Think of it this way—getting a lawsuit started takes a lot of time and energy; however, if the case is already in the court system, as it is once a bankruptcy is filed, it doesn't take much effort for the creditor to file an alter ego lawsuit.

Benefits of Filing a Personal Chapter 7 Case

Many shareholders find that filing an individual Chapter 7 bankruptcy after the company closes is a more effective way to get debt relief. Although it's possible to file for Chapter 7 while the corporation or LLC remains open, most states don't protect corporate shares or interest in an LLC. So unless you could protect your holdings with a wildcard exemption, the trustee would likely sell your business interest (assuming the existence of a willing buyer). You can assess whether filing a personal Chapter 7 would be in your best interests by reading "Chapter 7 for a Small Business Sole Proprietor," above.

Other Reasons Why Chapter 7 Might Not Be Good for Your Small Business

While bankruptcy can be useful for many businesses, it's not always a good idea. Below is a list of several of the issues you should consider. There are many more; be sure to talk to an attorney if you are considering bankruptcy for your business.

No Turning Back. There is no emergency parachute in a Chapter 7 bankruptcy. Once you file, you can only dismiss it if the court allows you to—and that's not a good thing to count on. The bottom line is that once you're in, you should assume that you're in to stay. Even if you find out you can't keep property you thought was safe.

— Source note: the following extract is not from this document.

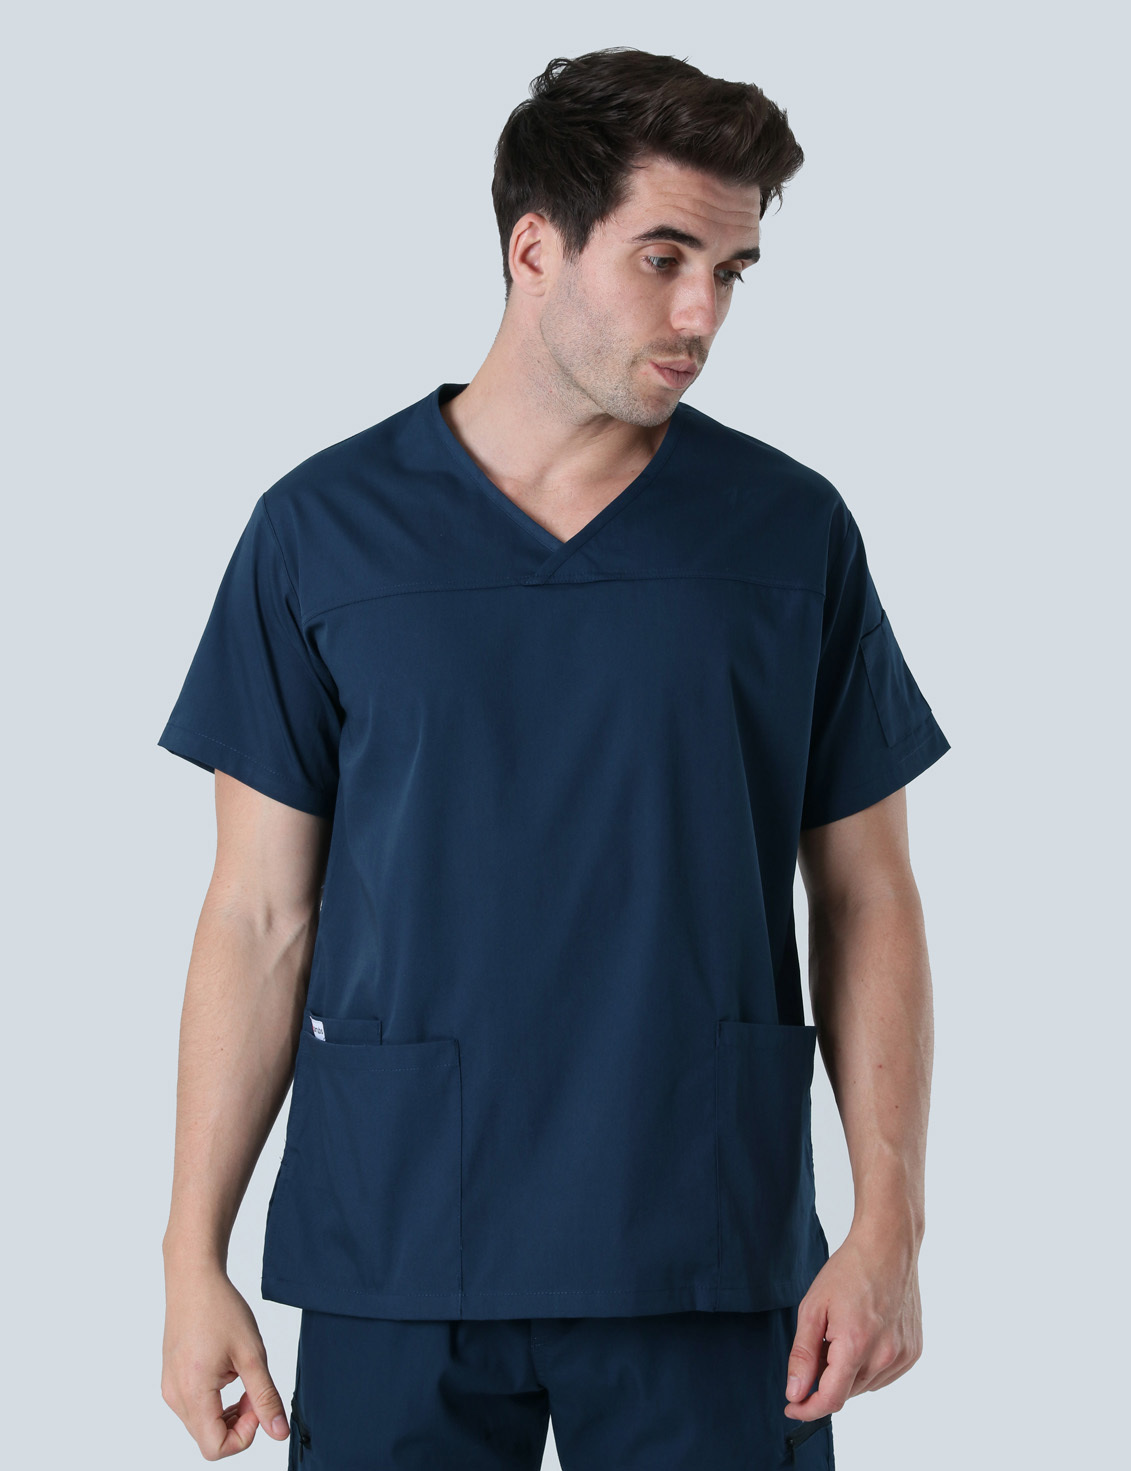 Men's Fit Solid Scrub Top - Navy - X Small

Taxes. There are countless issues when it comes to business taxes and bankruptcy. Talk to your accountant before you file so you don't end up with a surprise at the end of your case.

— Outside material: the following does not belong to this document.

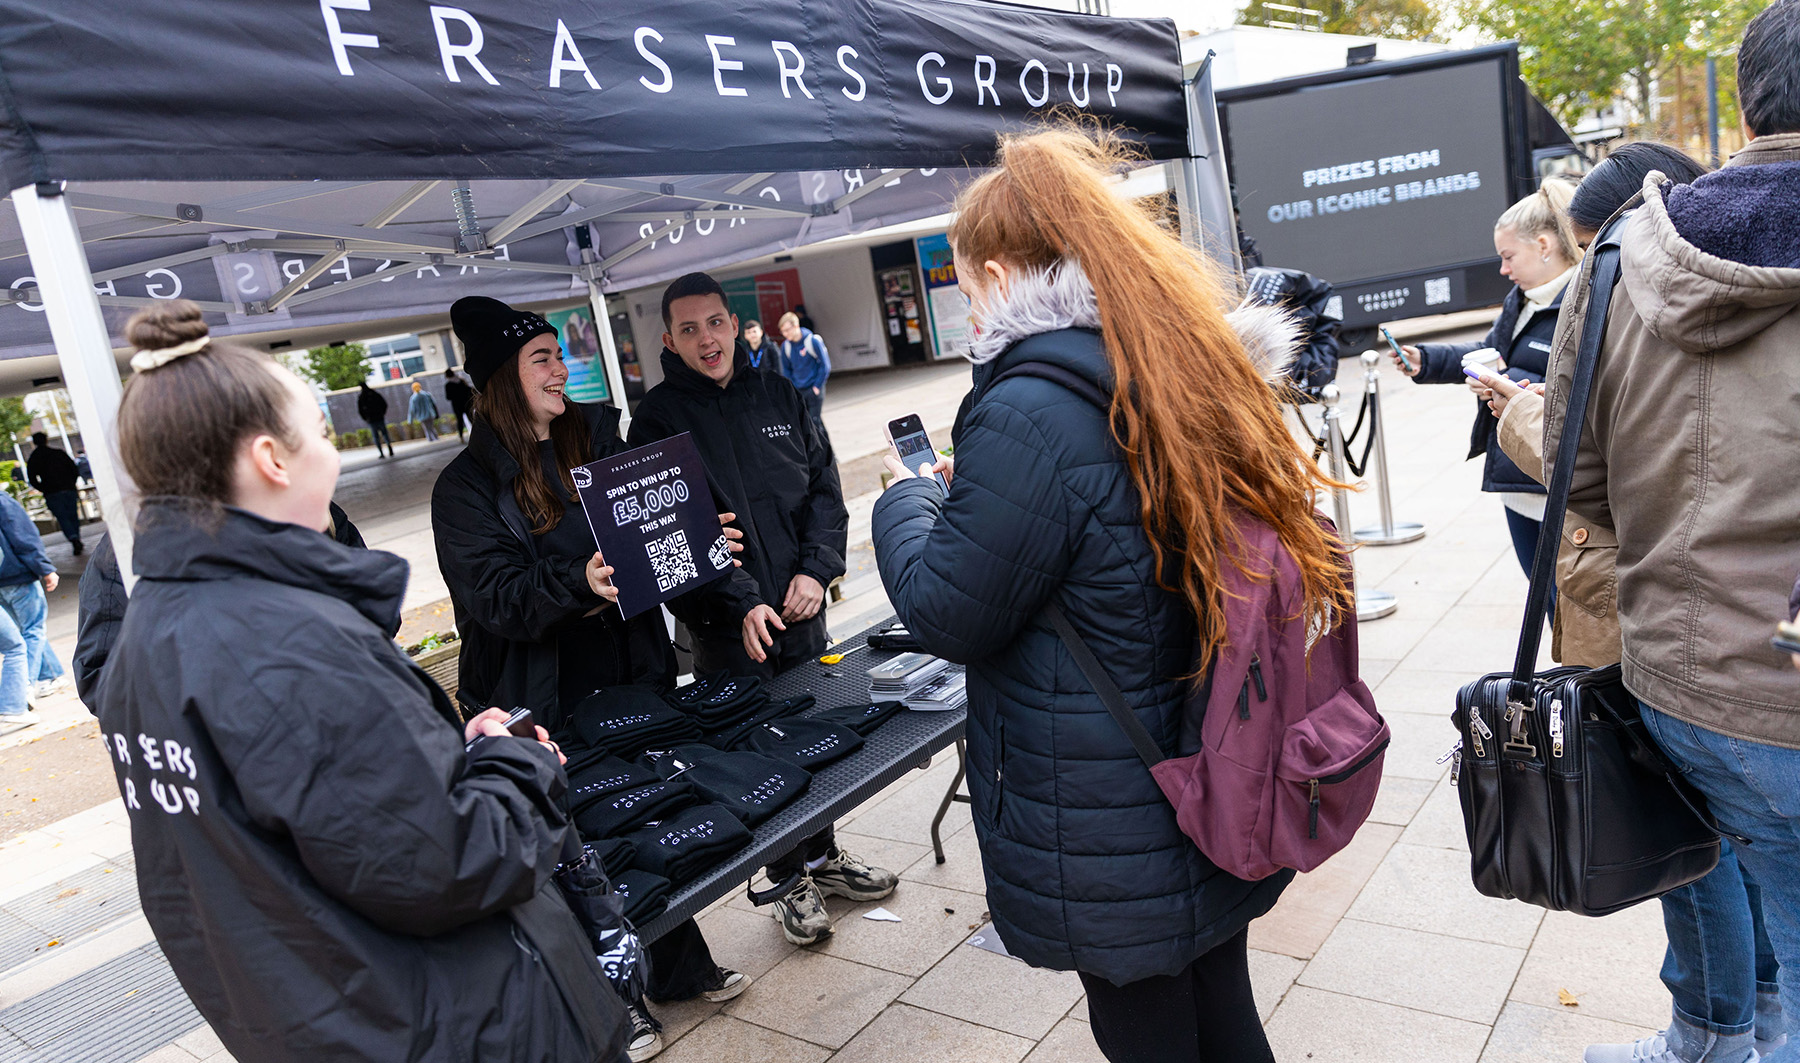 A student scanning the QR code at the Frasers Group stand

Certain lawsuits. The automatic stay—the mechanism that stops your creditors from continuing to collect against you after you file—only applies when you're sued for money. It won't affect criminal actions or civil enforcement proceedings, such as if the government claims your business is polluting the environment. That lawsuit will march on despite your bankruptcy, and no one wants to be questioned about the same issues twice. So keep in mind that your bankruptcy might do little more than provide a second forum the prosecutor can use for discovery purposes.

Improper purposes. The courts also don't take lightly to people filing for improper purposes, such as to stall a foreclosure proceeding, or to hide wrongdoing on the part of the business principals. Since penalties are stiff, it's best to approach the bankruptcy court with clean hands.

Meet with a Small Business Bankruptcy Lawyer

Bankruptcy can be a great tool when it's time to unwind a failing business or wipe out personal responsible for business debt. A business-related bankruptcy always presents more issues than the typical case, and getting sound advice is essential. Be sure to consult with a bankruptcy lawyer experienced in handling business and consumer bankruptcy early in the process.